*WHAT TO WORK ON:*
Word for word, write the lines below out again, with no pictures.

*SUPPLIED MATERIAL:*
════════

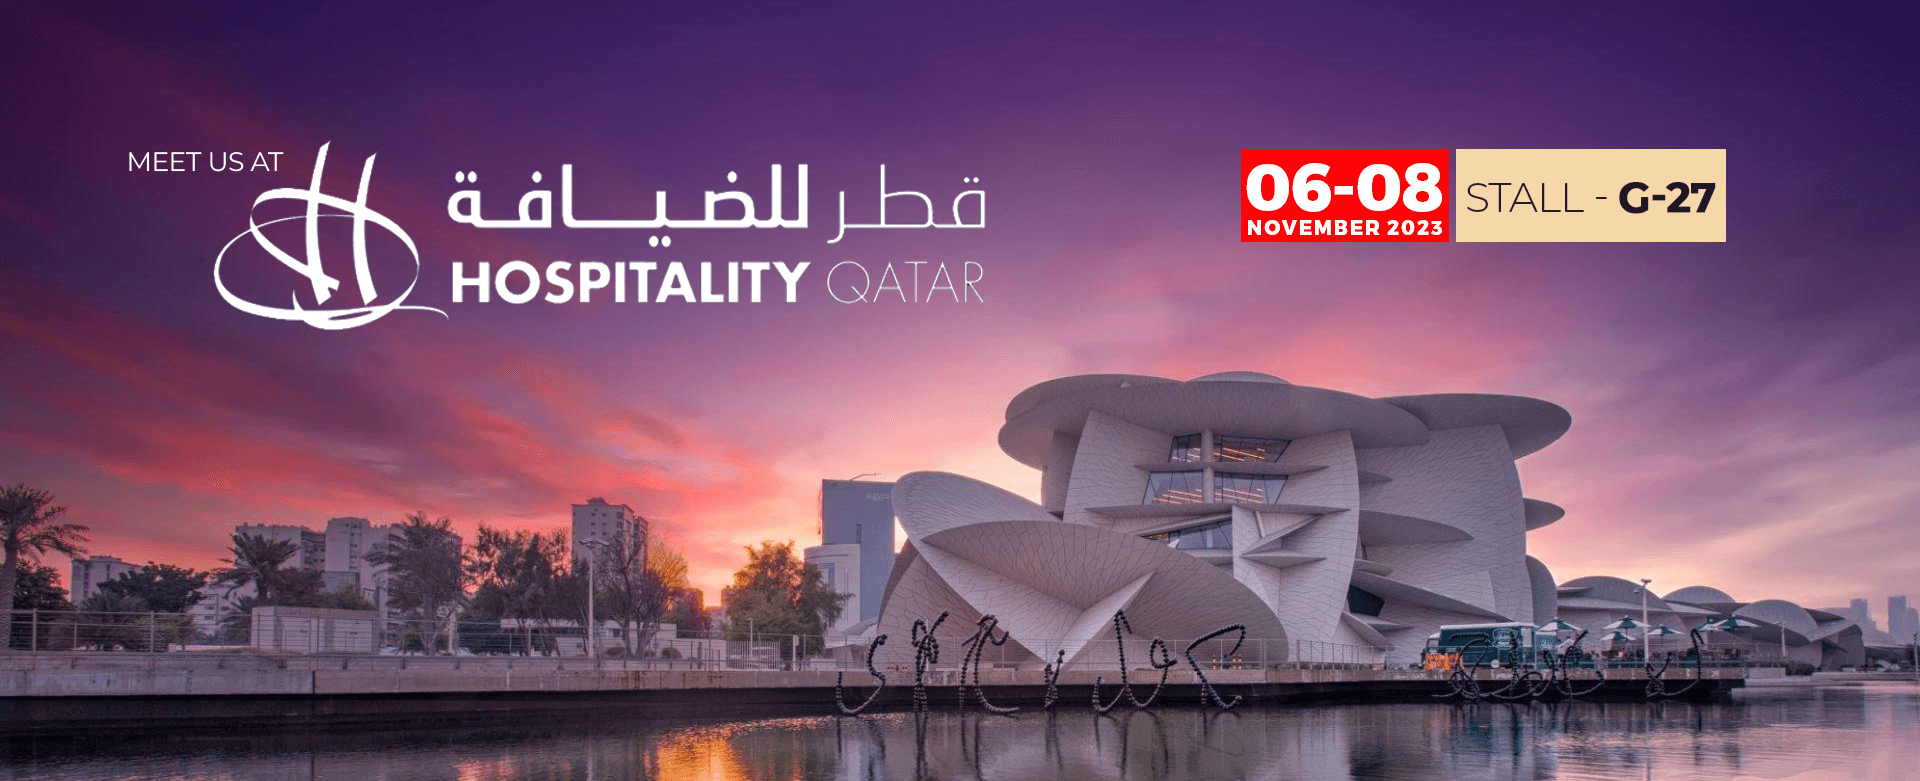 meet-us-at-qatar.png
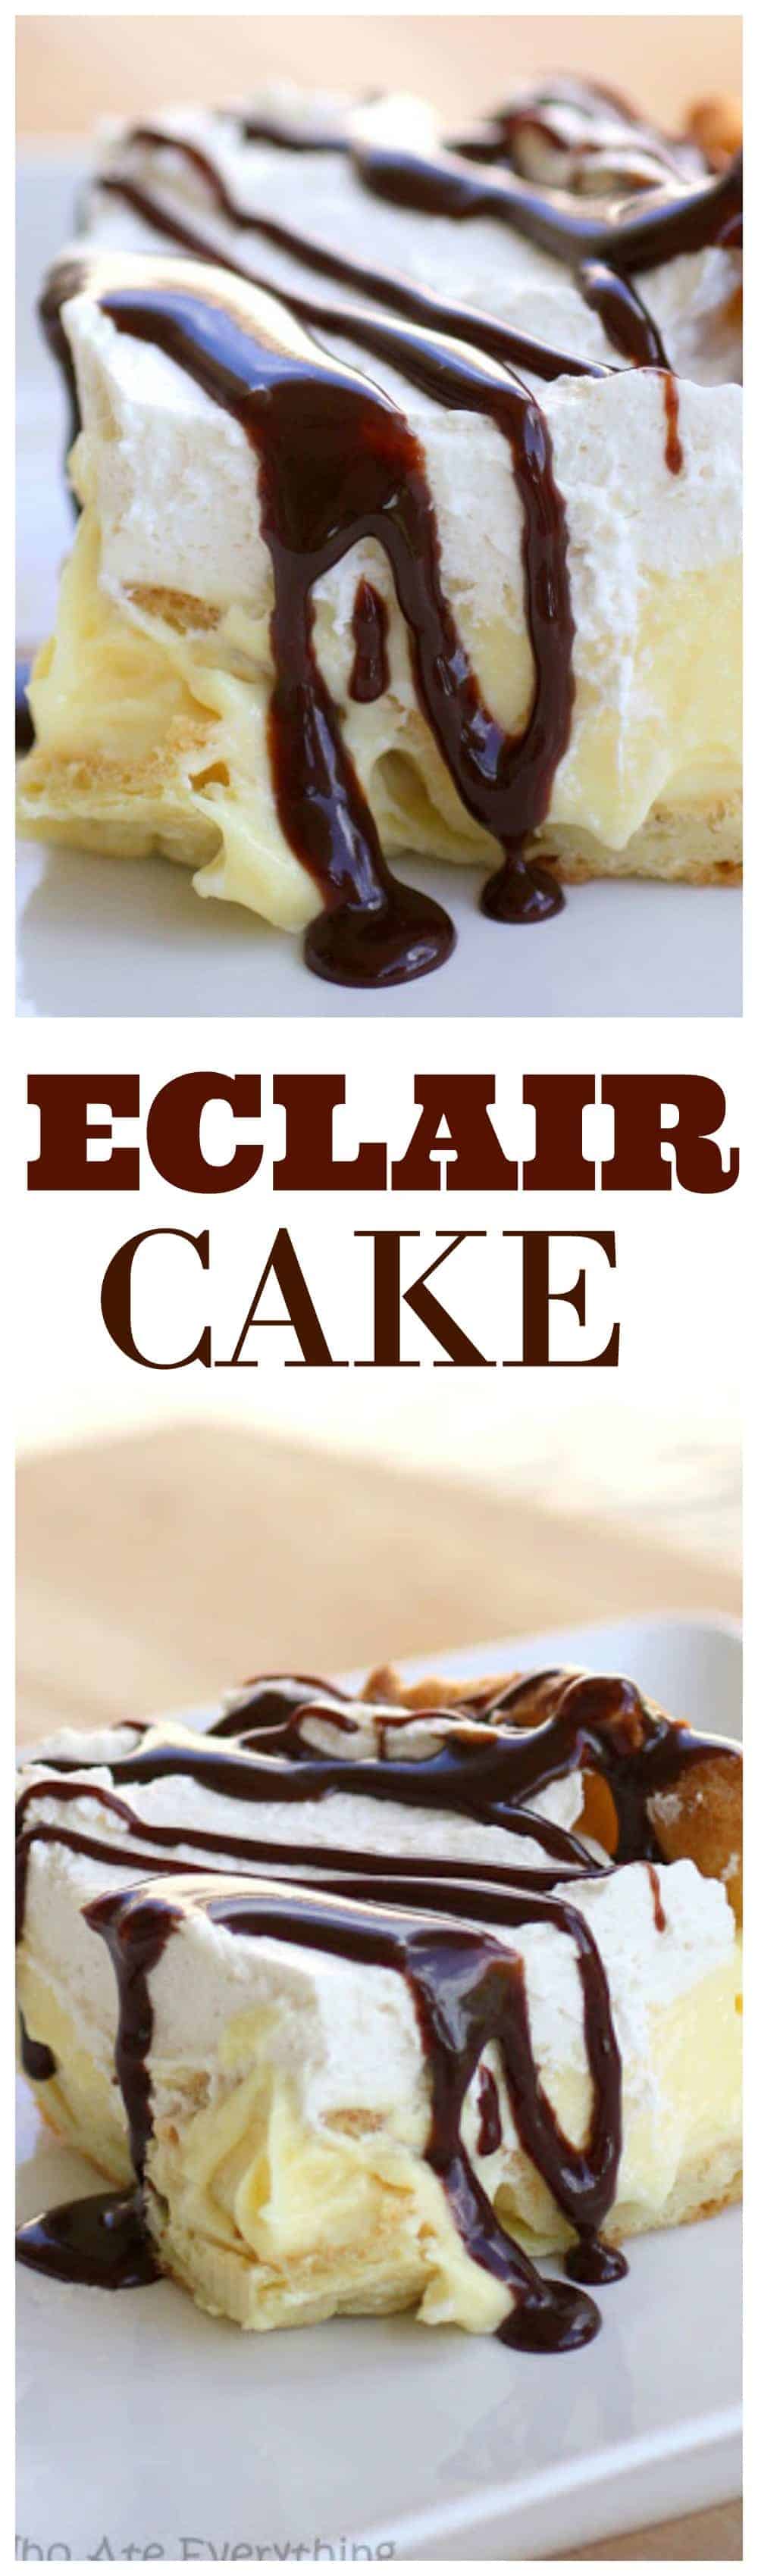 Este bolo Eclair tem uma crosta folhada de creme, camada de cream cheese de baunilha, chantilly e uma garoa de chocolate.  São todos os sabores de um eclair em forma de bolo.  #chocolate #eclair #bolo #receita #sobremesa
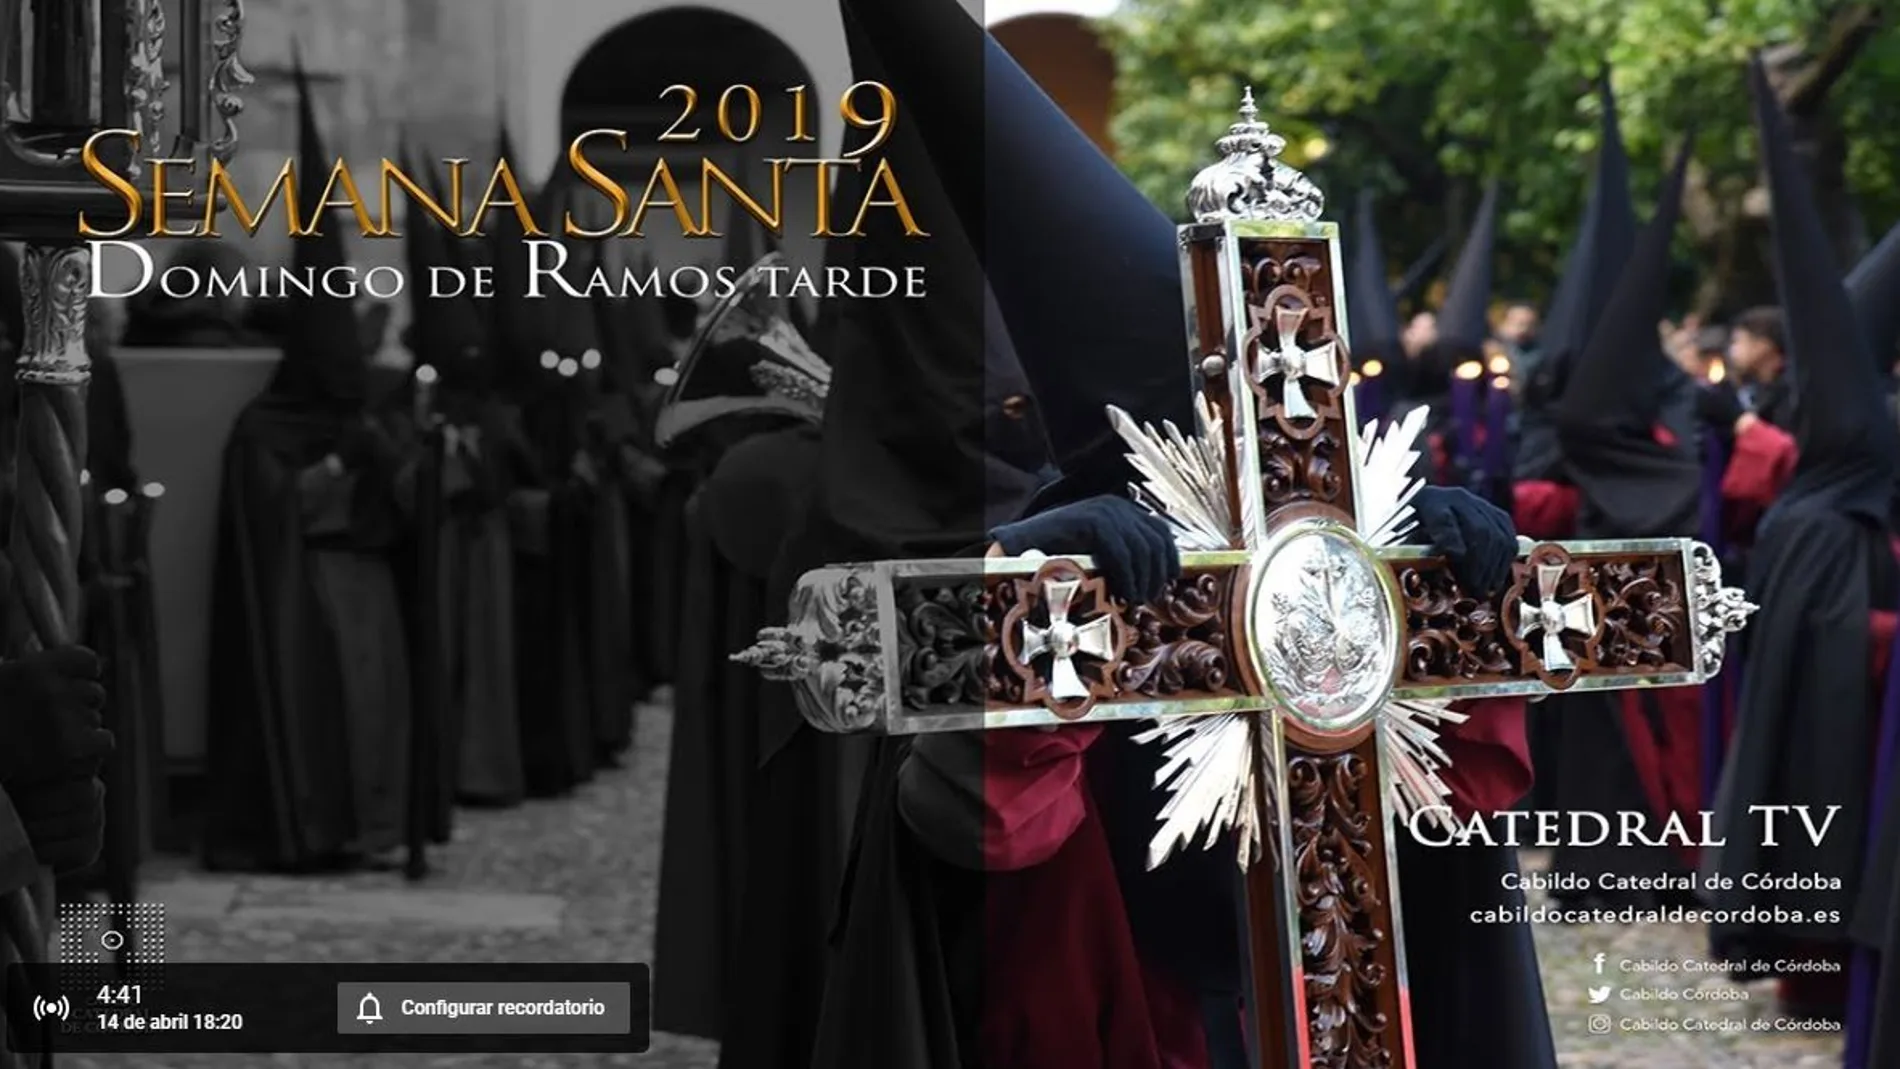 En directo en LA RAZÓN, la misa de Domingo de Ramos desde la Catedral de Córdoba
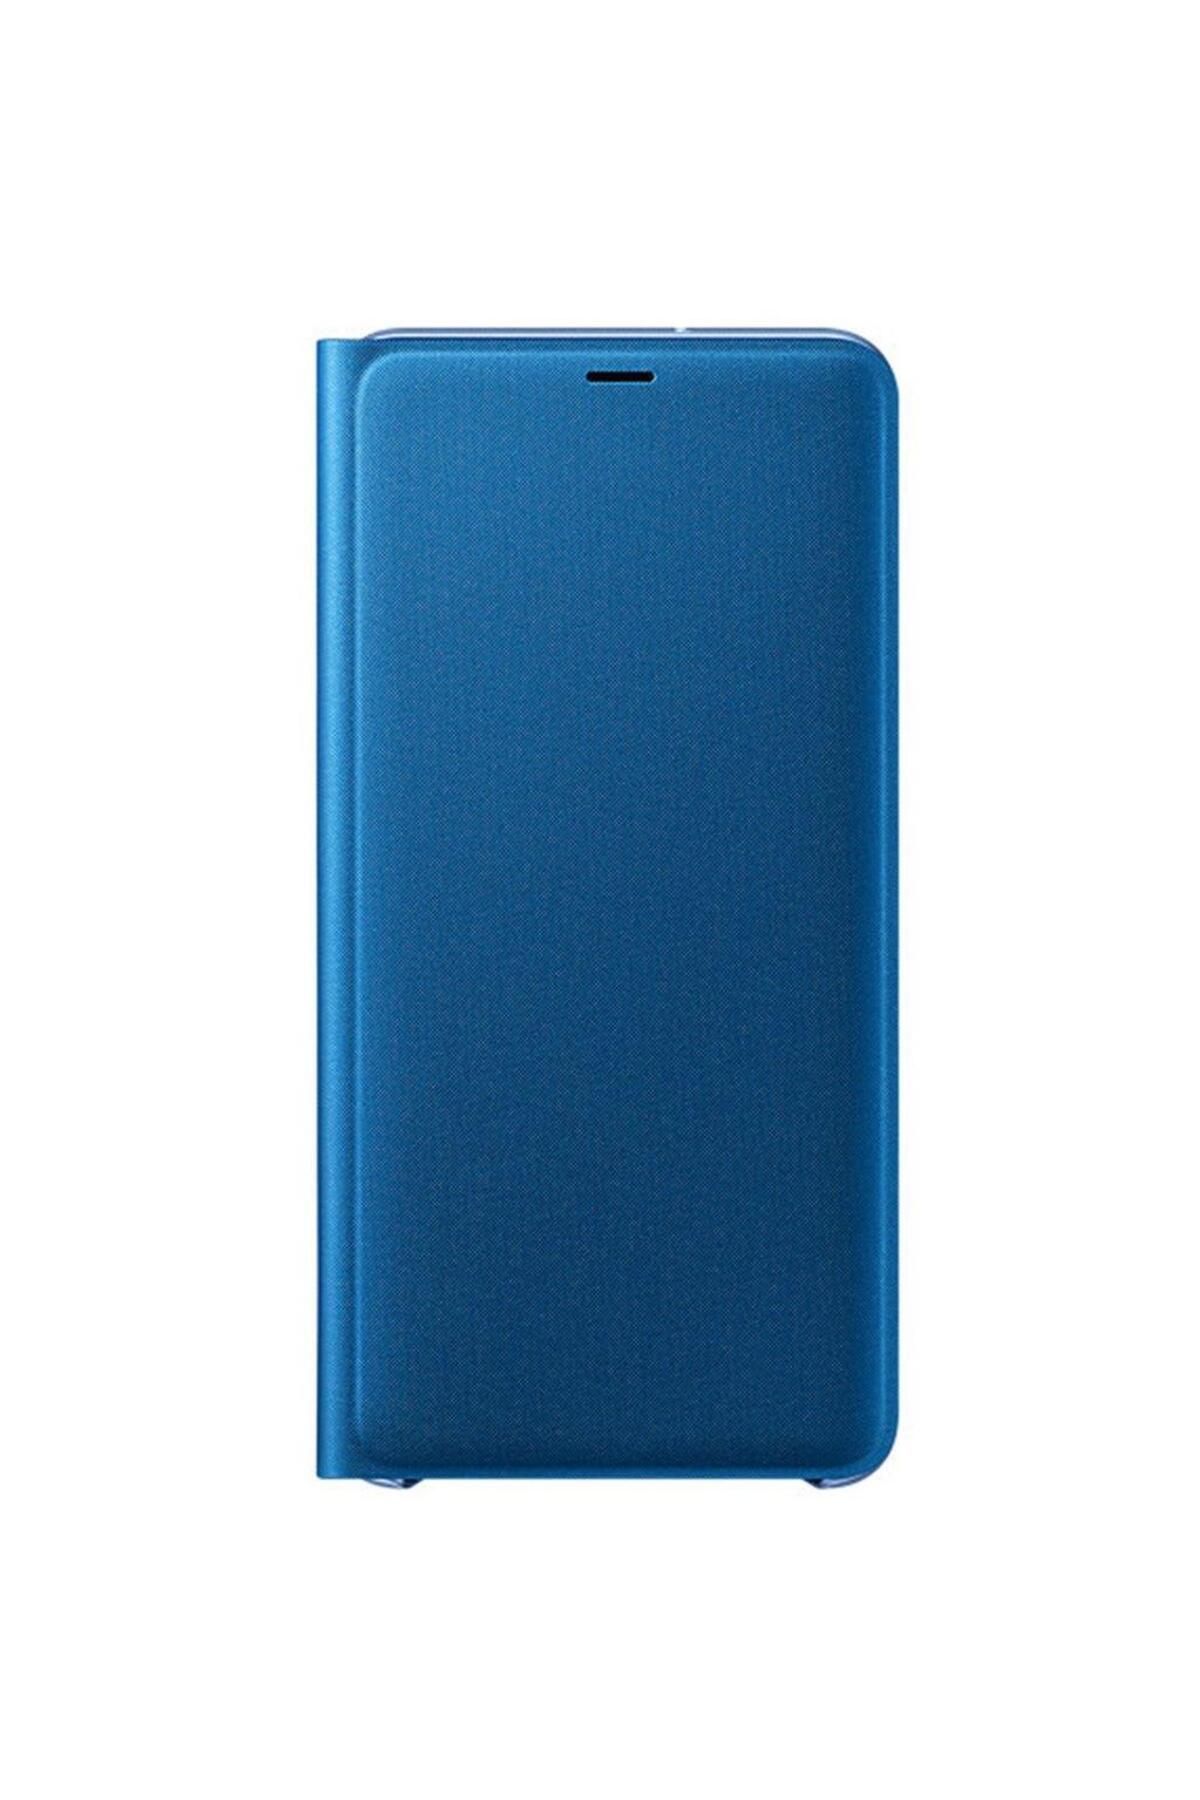 Samsung Galaxy A7 2018 Wallet Cover Kılıf Mavi Ef-wa7500plegww

════════

*ANSWER TO THE PROBLEM:*
 meet-us-at-qatar.png
 Este bolo Eclair tem uma crosta folhada de creme, camada de cream cheese de baunilha, chantilly e uma garoa de chocolate.  São todos os sabores de um eclair em forma de bolo.  #chocolate #eclair #bolo #receita #sobremesa
 En directo en LA RAZÓN, la misa de Domingo de Ramos desde la Catedral de Córdoba
 Samsung Galaxy A7 2018 Wallet Cover Kılıf Mavi Ef-wa7500plegww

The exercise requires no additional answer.